Sudan and South Sudan have hammered out a deal over oil, resolving a key part of a bitter dispute that brought the rivals to the brink of all-out war earlier this year. "The parties have agreed on all of the financial arrangements regarding oil," said African Union mediator Thabo Mbeki, two days after a United Nations deadline for the neighbours to resolve arguments over oil and borders expired.
Landlocked South Sudan said it had agreed to pay a pipeline transit fee of $9.48 per oil barrel to transport its crude through Sudan, a significant drop from Khartoum''s initial demands of up to $36 a barrel in fees. In addition, Juba agreed to make a "one-off payment" to Khartoum of some $3 billion to cover the massive financial gap created by the South''s independence last year, a fractious divorce that left a raft of issues unresolved.
"This is a good deal.... South Sudan will finally be able to focus its attention and dedicate its full resources to establish our state," Juba said in a statement. Mutrif Siddiq, a Sudanese delegate to the talks in the Ethiopian capital, said the deal was "reasonable", although it did not meet the expectations of either side. US Secretary of State Hillary Clinton, who travelled to South Sudan''s capital to meet President Salva Kiir on Friday - just hours before the deal was struck - praised the agreement between the former civil war foes.
"I welcome the agreement... (it) reflects leadership and a new spirit of compromise by both sides," she told reporters in the Kenyan capital Nairobi, the latest leg of her Africa tour. "The future of South Sudan is now brighter.... for Sudan too, this agreement offers a way out of the extreme economic stress it is now experiencing," she added.
The AU has been mediating year-long talks to try to resolve disputes that flared after South Sudan''s independence in July 2011, the final stage of a 2005 peace deal to end one of Africa''s longest civil wars.

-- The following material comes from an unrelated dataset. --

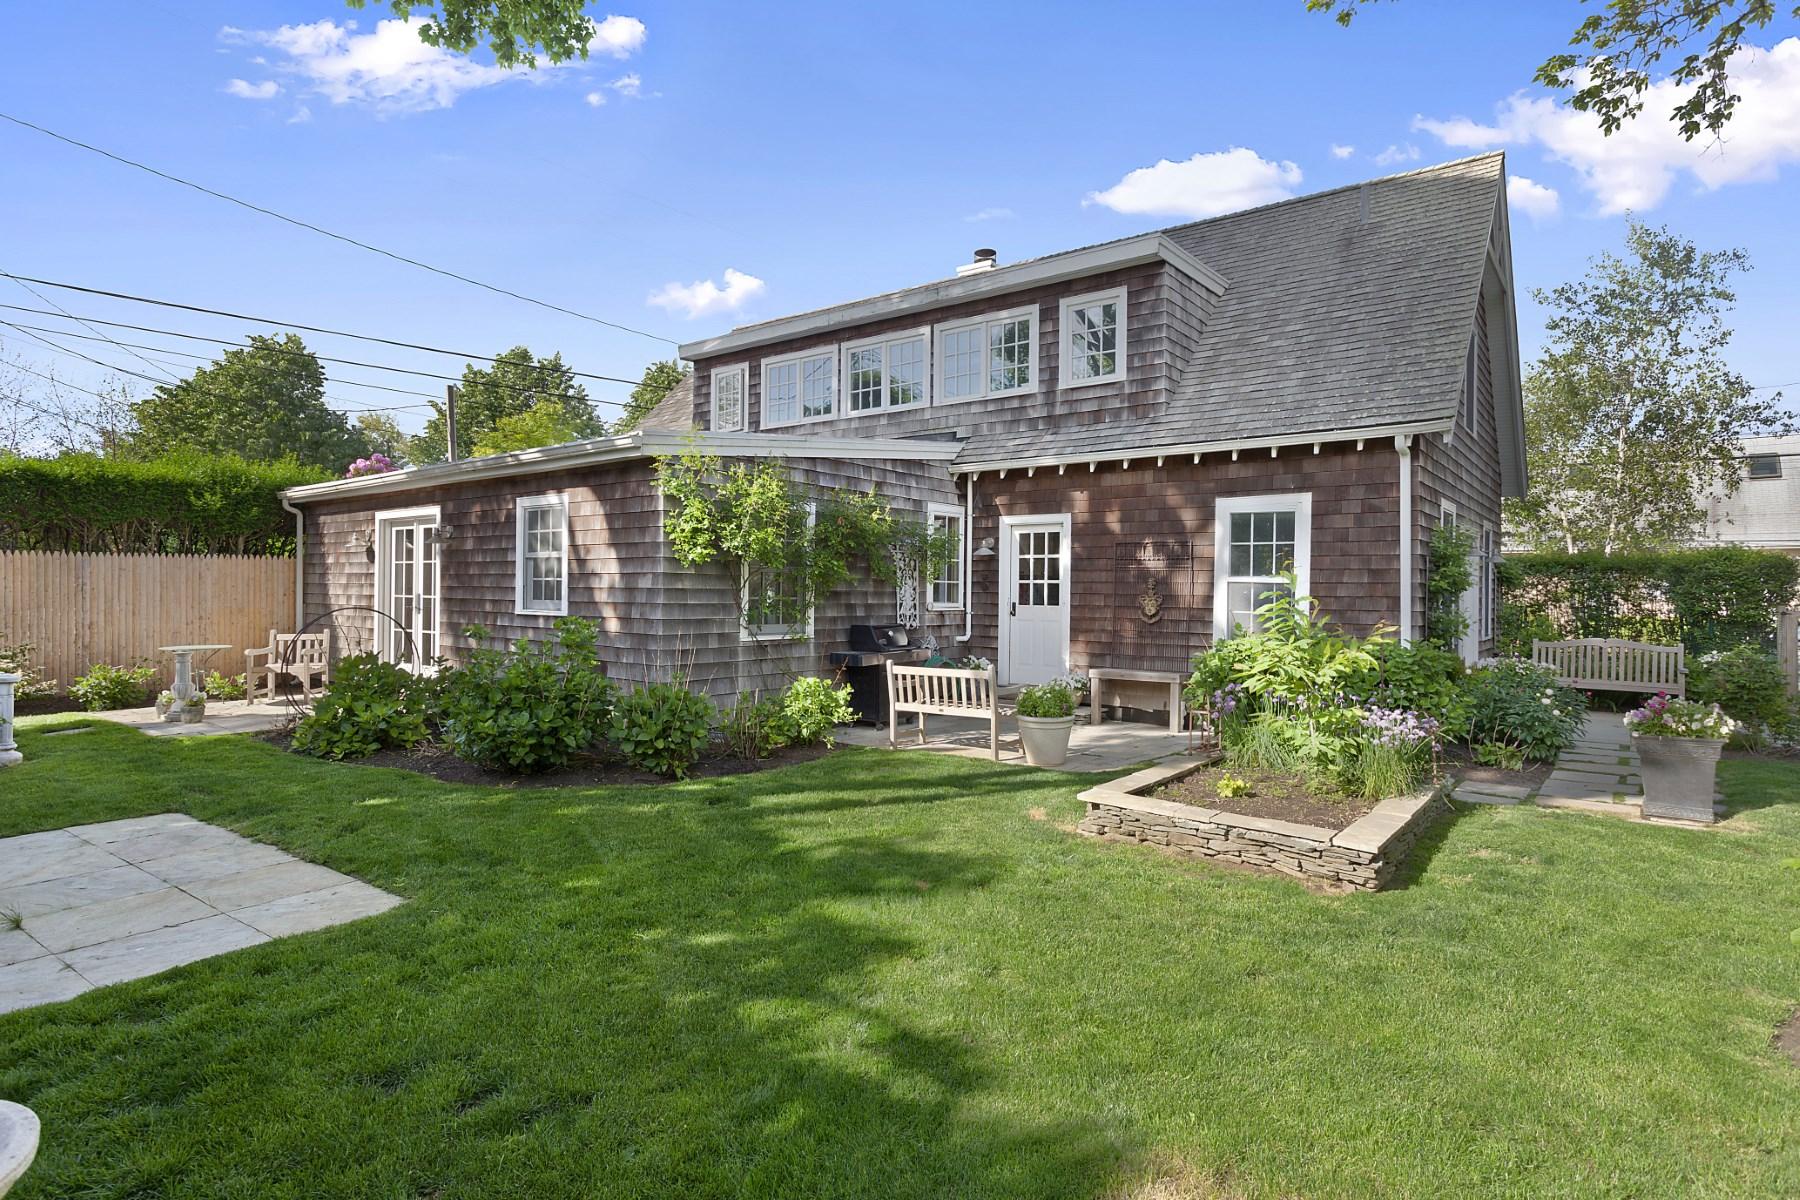 단독 가정 주택 용 매매 에 Charming Cottage, Bridgehampton Village 154 Corwith Avenue Bridgehampton, 뉴욕 11932 미국

Mbeki said both sides would meet next month to try to find a deal on the disputed border region of Abyei - one of the most sensitive issues remaining - with a new AU deadline set of September 22 to resolve outstanding issues.
Sudanese President Omar al-Bashir is expected to meet with Kiir next month, he added. "We have reached a final agreement with South Sudan on oil transit, and we expect to settle other files under negotiation," Sudan''s under-secretary at the petroleum ministry, Awad Abdul Fatah, told the official SUNA news agency.
A timetable will be drawn up for the resumption of oil production and exports, which are key to the economies of both deeply impoverished countries. However, analysts suggest it could take up to six months for South Sudan to be able to resume full oil production. Oil generates about 98 percent of South Sudan''s government revenue. South Sudan took with it three-quarters of the oil held by the previously united nation, but the processing and shipping facilities remained in Sudan. The two sides could not agree on how much Juba should pay to export its crude through northern pipelines and ports, leading the South to shut down production in January after Khartoum began seizing the oil in lieu of payment. The deal struck lasts for three and a half years, Juba said, after which it hopes to have completed proposed export pipelines to Kenya or Djibouti.
Despite the deal, Juba''s chief negotiator Pagan Amum accused Khartoum of violating a peace plan drawn up by the AU in April, notably by bombing South Sudan, which he said laid it open to sanctions. Contentious issues remain. Sudan accuses South Sudan of supporting insurgents on its territory, a charge analysts believe despite denials by Juba, which in turn accuses Khartoum of backing rebels on its territory.